The large-scale architectural public art installation was inspired by the themes of climate change, human dignity and the Earth’s living creatures in the Encyclical “Laudato Si’” of Pope Francis. Programed to coincide not only with the Jubilee, but also with COP21 in Paris, the historic occasion called on citizens of the world to join a global movement to protect our common home.

An artistic rendering of a picture that was illuminated at St. Peter's Basilica. Photo credit: Steve McCurry / Obscura Digital
An artistic rendering of a picture that was illuminated at St. Peter’s Basilica. Photo credit: Steve McCurry / Obscura Digital

“The fight against climate change invokes each of us in a battle for civilization and democracy,” Italy’s Minister for the Environment, Land and Sea Gianluca Galletti said. “This was explained by the Holy Father in his extraordinary encyclical Laudato Si: respect to the environment is the condition to reaffirm universal rights and defend human dignity, to guarantee global security, to build a fairer world … Intercultural dialogue is our most important objective and the most efficient tool for peace.”

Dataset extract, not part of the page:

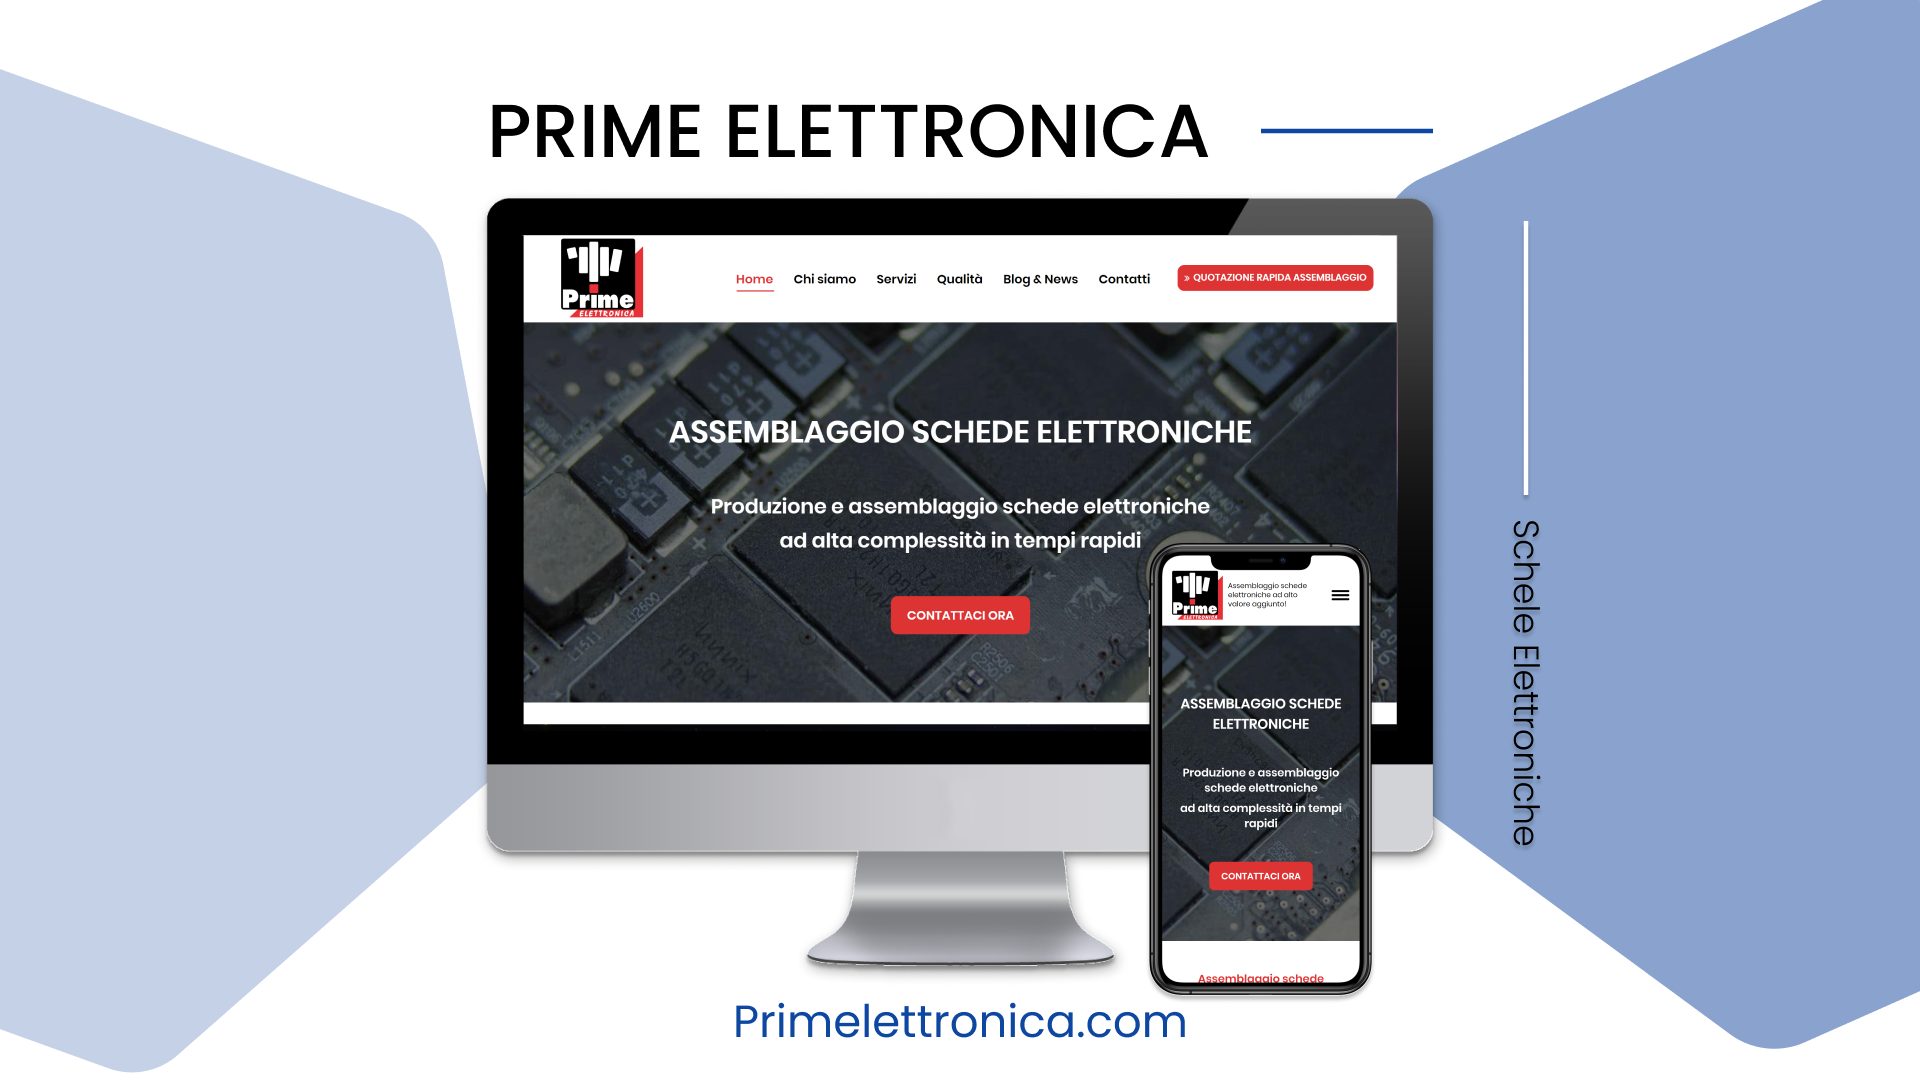 Prime Elettronica

The cinematic event featured the work of some of the world’s most notable humanistic and nature photographers and filmmakers, including Sebastião Salgado (Genesi and Contrasto), Joel Sartore (National Geographic Photo Ark), Yann Arthus Bertrand (Human), David Doubilet, Ron Fricke and Mark Magidson (Samsara), Howard Hall, Shawn Heinrichs, Greg Huglin, Chris Jordan, Steve McCurry, Paul Nicklen and Louie Schwartzberg. The projection was curated by Louie Psihoyos and Travis Threlkel, and produced by Obscura Digital. Francesco Carrozzini curated the creative direction for Connect4Climate.

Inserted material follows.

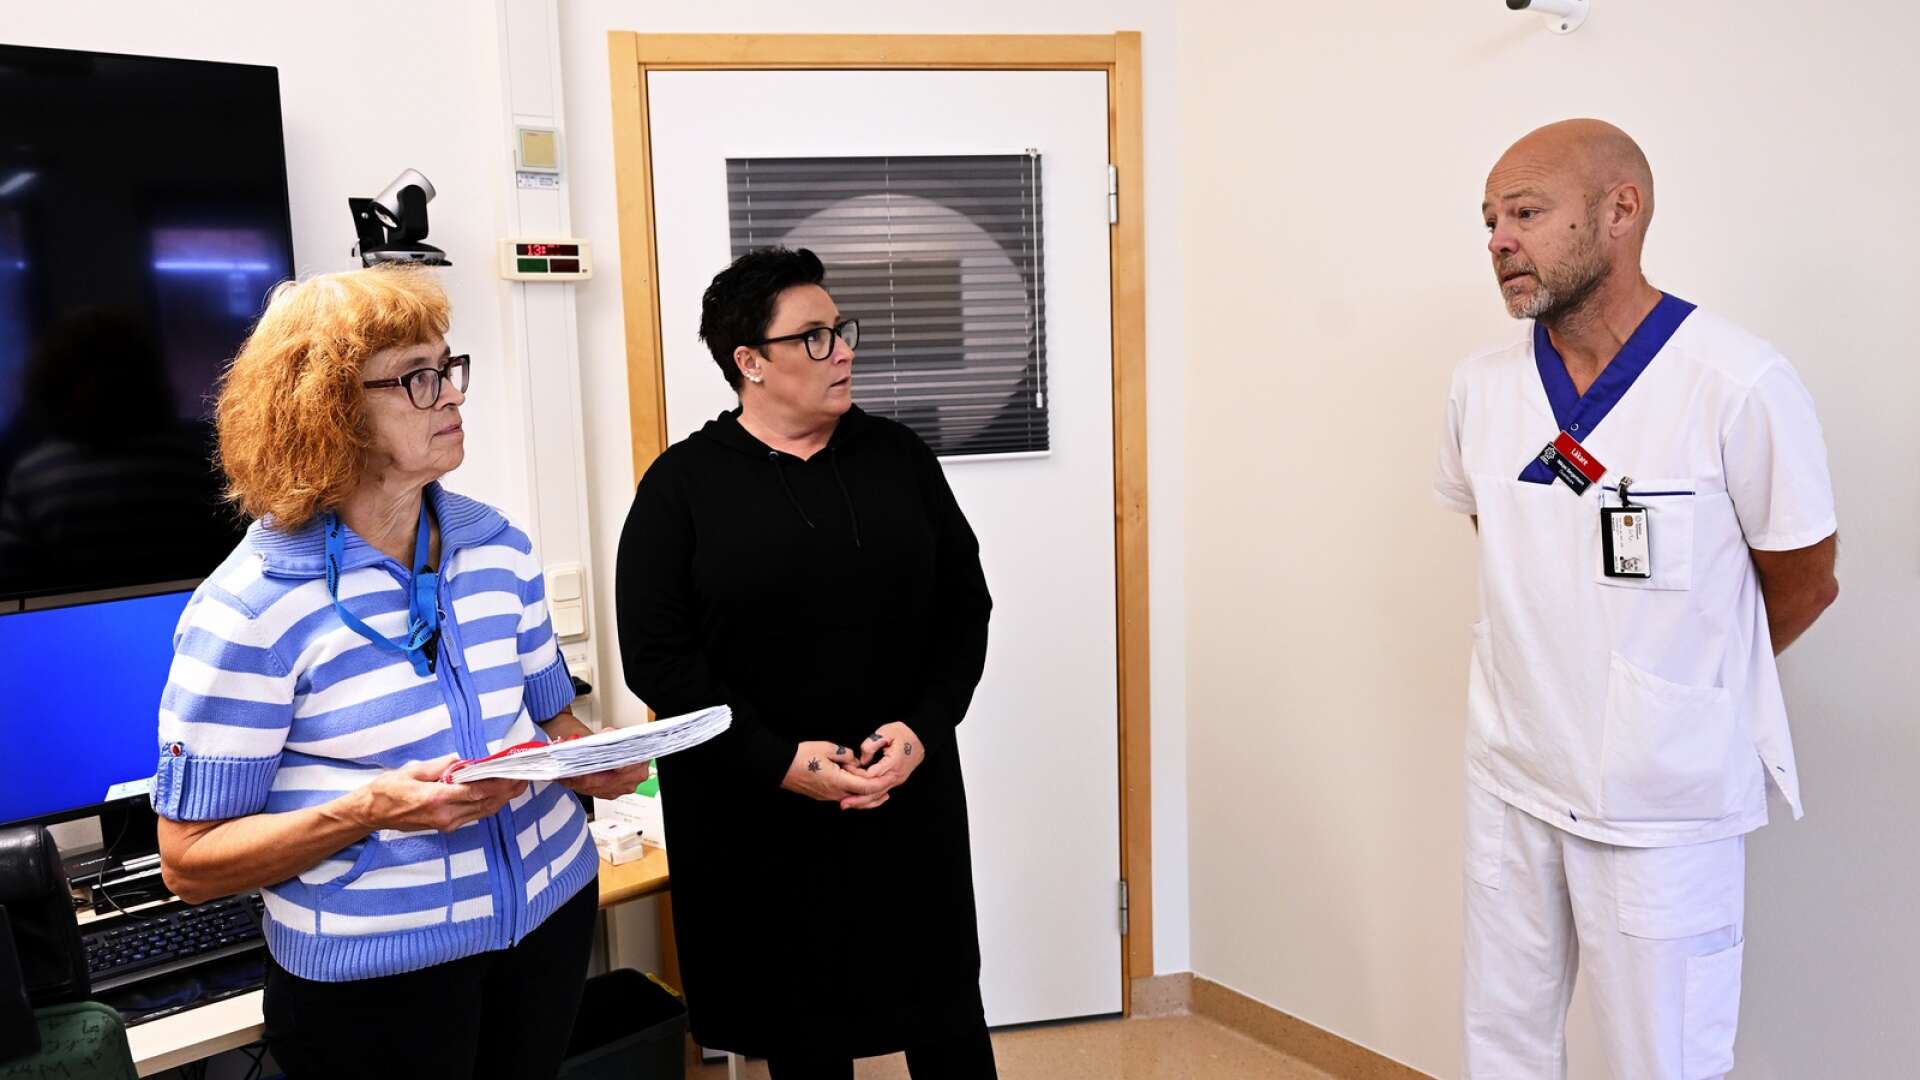 Undersköterskorna Anita Halvarsson och Maria Erlandsson lämnar över namninsamlingen med 1200 underskrifter till Mikael Bergenheim, chef för slutenvården på CSK.

“We are proud to support the realization of this gift of art to Pope Francis and to work with our creative partners to highlight the biggest issues facing mankind: poverty and climate change,” Lucia Grenna, program manager of the World Bank Group’s Connect4Climate global partnership program, added. “This artistic display will tell a powerful visual story of the interdependency of all life on earth with our environment and we hope inspire the teams in Paris to push for the most ambitious deal possible.”